Immunity of noncombatants

Catholic moral theology teaches the immunity of noncombatants. But in virtue of what are they immune? From my reading, "innocence" is frequently the condition that confers immunity. Noncombatants are immune because they are classified is innocents, and it's wrong to target innocents. Wrong to intentionally take innocent lives. (Although "intention" is a term of art, viz. double effect theory.)

But in what respect are noncombatants deemed to be innocent? Let's consider some possibilities:

1. Morally innocent

It might be a moral category. To be morally faultless or sinless.

i) If so, the principle is too strong. In traditional Christian theology, human beings are sinners. Even children are subject to Adam's sin. Even children have evil impulses. 

ii) Perhaps in the case of children before the age of reason, it might be said that they are inculpably evil because, despite their evil impulses, they lack the intellectual capacity to be consciously evil. 

iii) But even if we grant that distinction for argument's sake, the class of noncombatants in just-war theory is far larger than children before the age of reason (which has fuzzy boundaries in its own right). 

2.  Judicially innocent

It might be a legal category. To be blames or guiltless in relation to criminal wrongdoing. 

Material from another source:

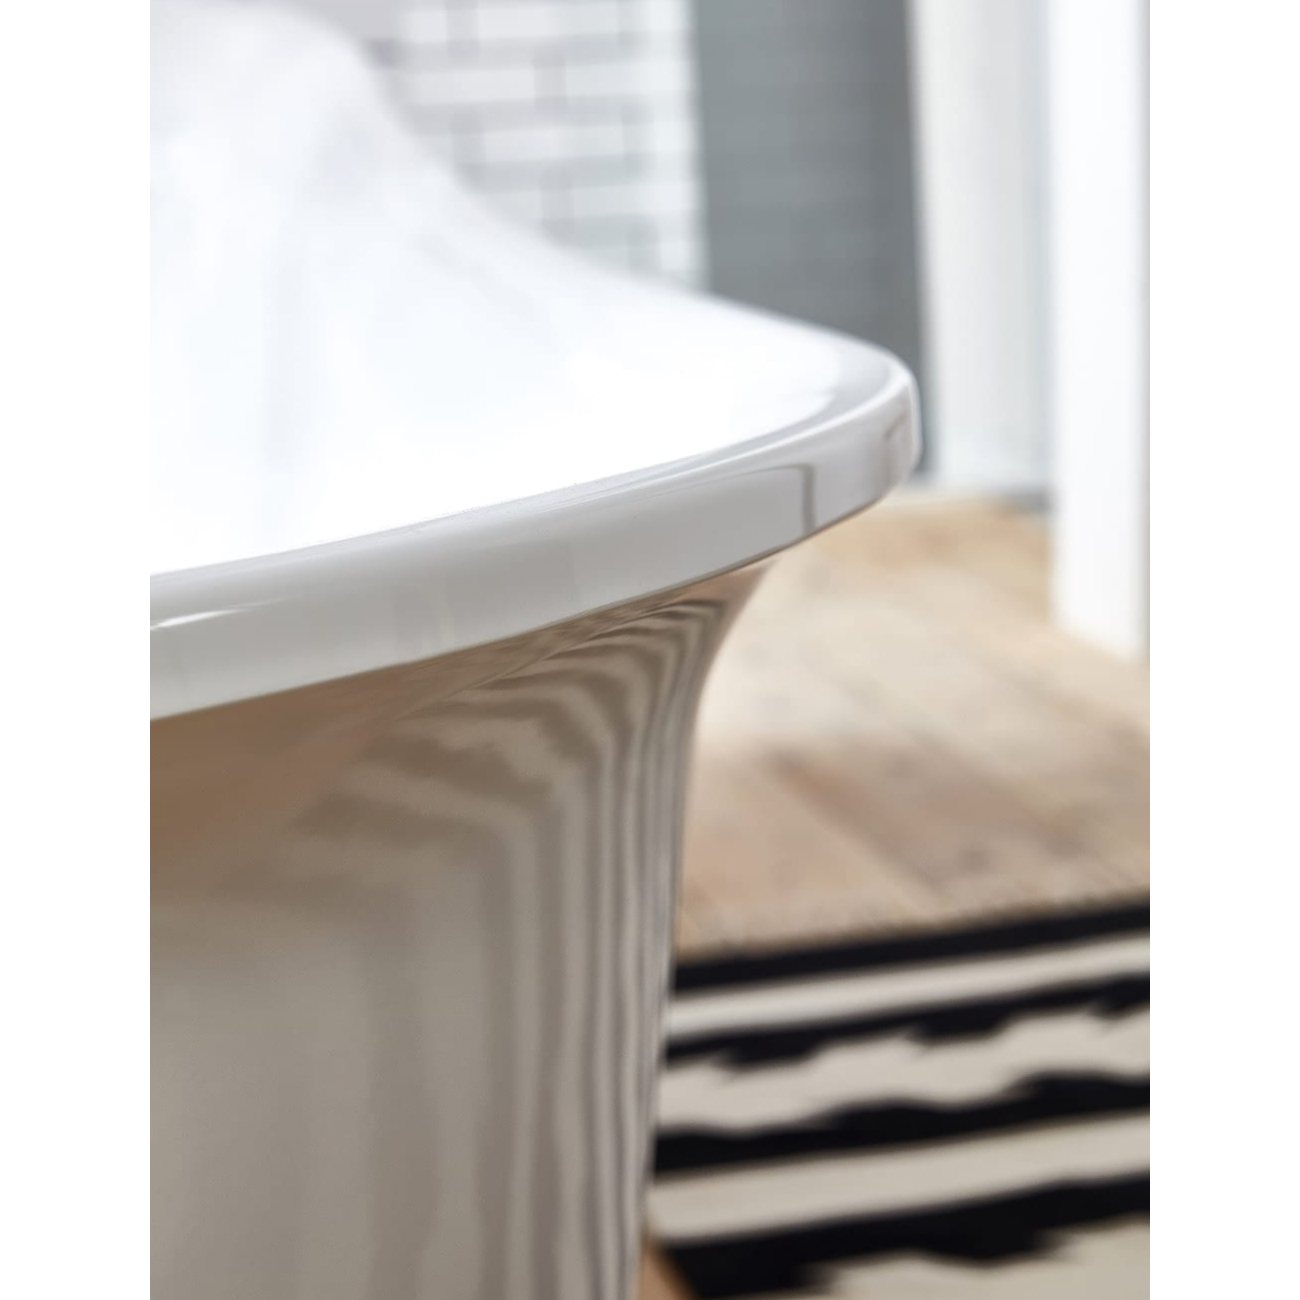 Verona Belmont Freestanding Slipper Bath with Chrome Ball Feet 1520mm x 710mm - White
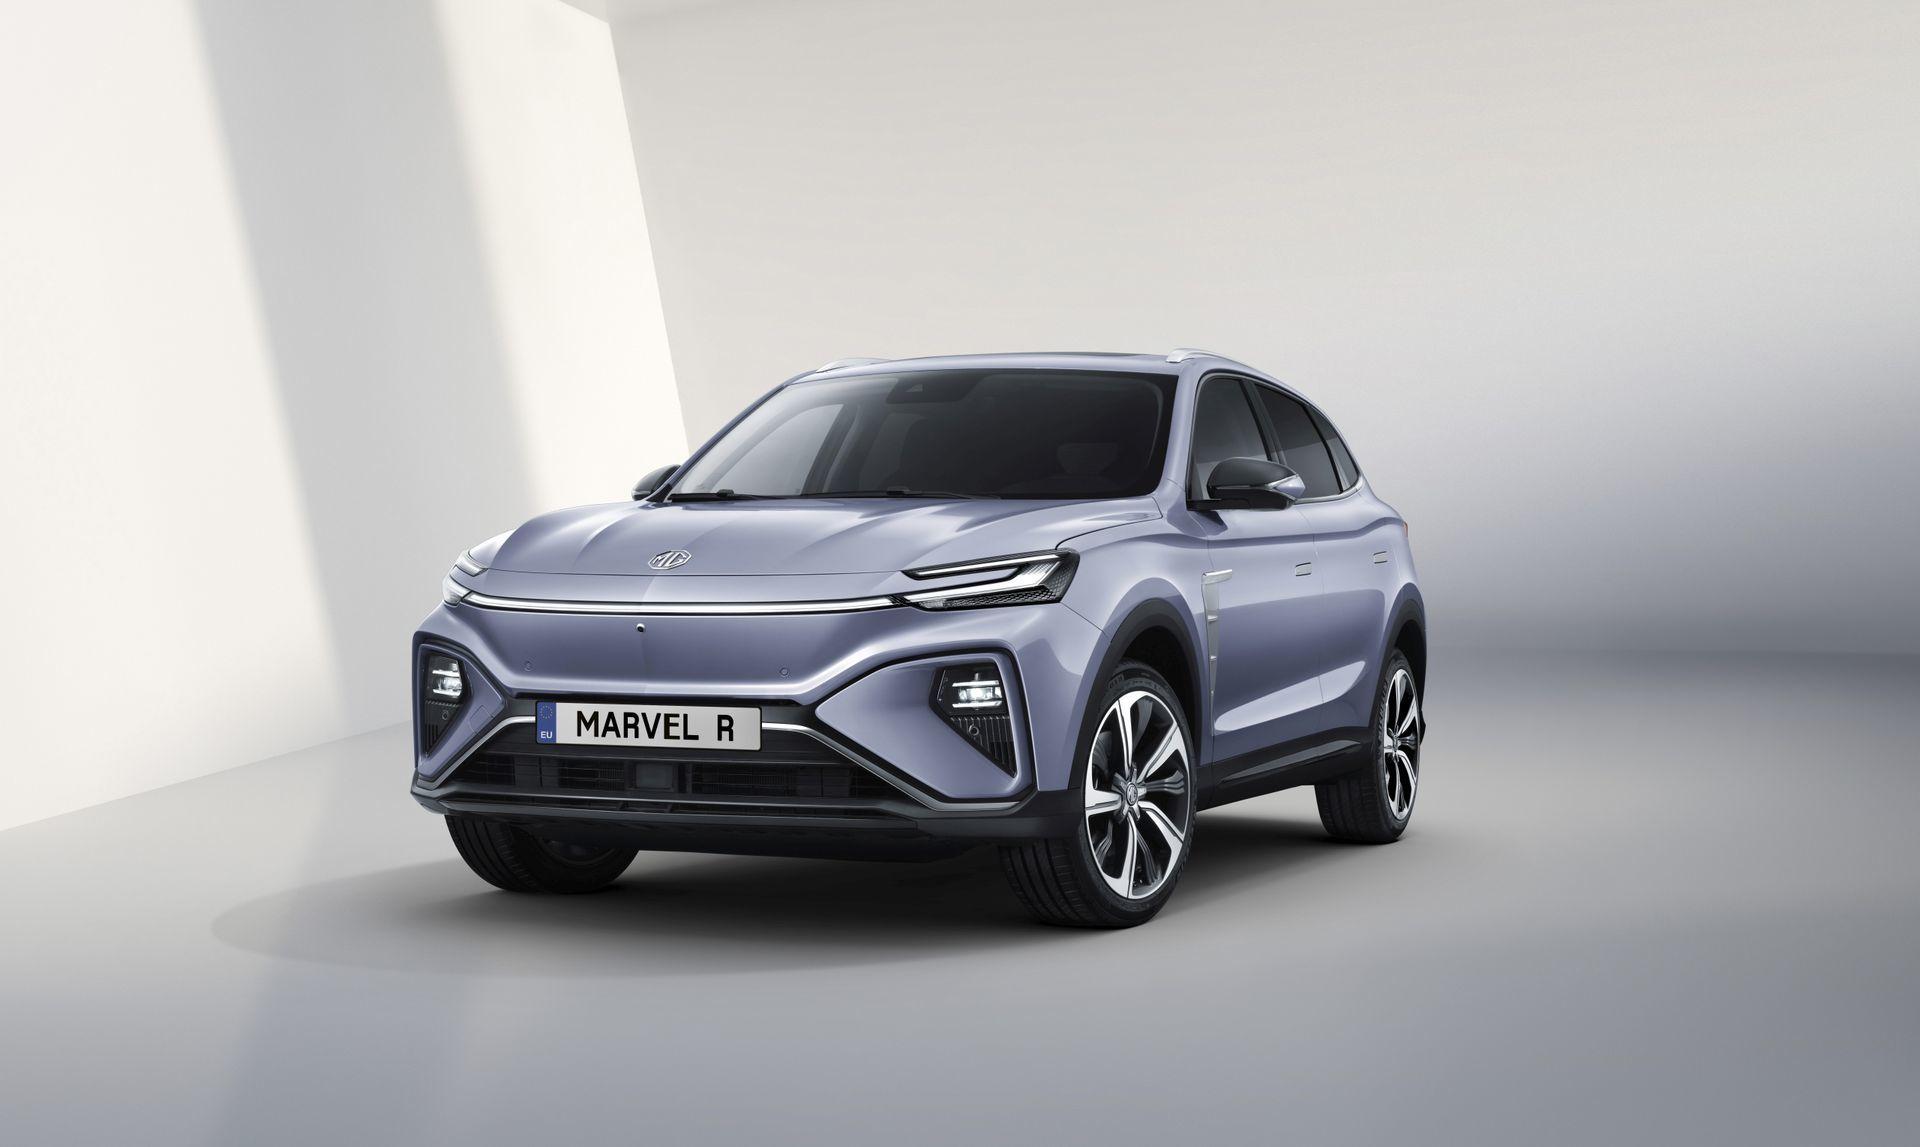 Mg Marvel R Electric 2021 5

i) But it's unclear why that would be the principle. If you have combatants on both sides, where one side is fighting a just cause while the other side is fighting for an unjust cause, you might argue that the unjust combatants forfeit immunity due to their legal complicity in an unjust war, making them liable to death or injury as a just desert. But the same reasoning can't apply to just combatants. By that logic, immunity extends to just combatants. 

ii) By that criterion, moreover, civilian policymakers who wage unjust war ought to forfeit immunity and face the same fate as combatants. Likewise, civilianswho provide necessary support services, viz. munitions factories.

3. Harmless

It might be a pragmatic category. Most civilians don't pose an imminent danger to the opposing nation or troops. They enjoy immunity because they are innocuous or nonthreatening compared to combatants. 

Certainly that captures an intuition regarding the immunity of children (with rare exceptions). However, the principle seems to lean on a rather artificial dichotomy regarding the immediacy of the threat. A military engineer may not pose a direct threat to the opposing nation or troops, but the direct threat may depend on his invention of military technologies. Likewise, take the policymakers who foment war. Or civilians who construct missiles, tanks, bombs, bombers, &c. Although there's a sense in which they are personally innocuous inasmuch as they don't shoot guns, they conscript combatants or supply combatants. 


I think each of these principles has some merit in limiting the scope of legitimate targets, but they're inadequate, either in separation or combination, to justify the absolute immunity of noncombatants across the board.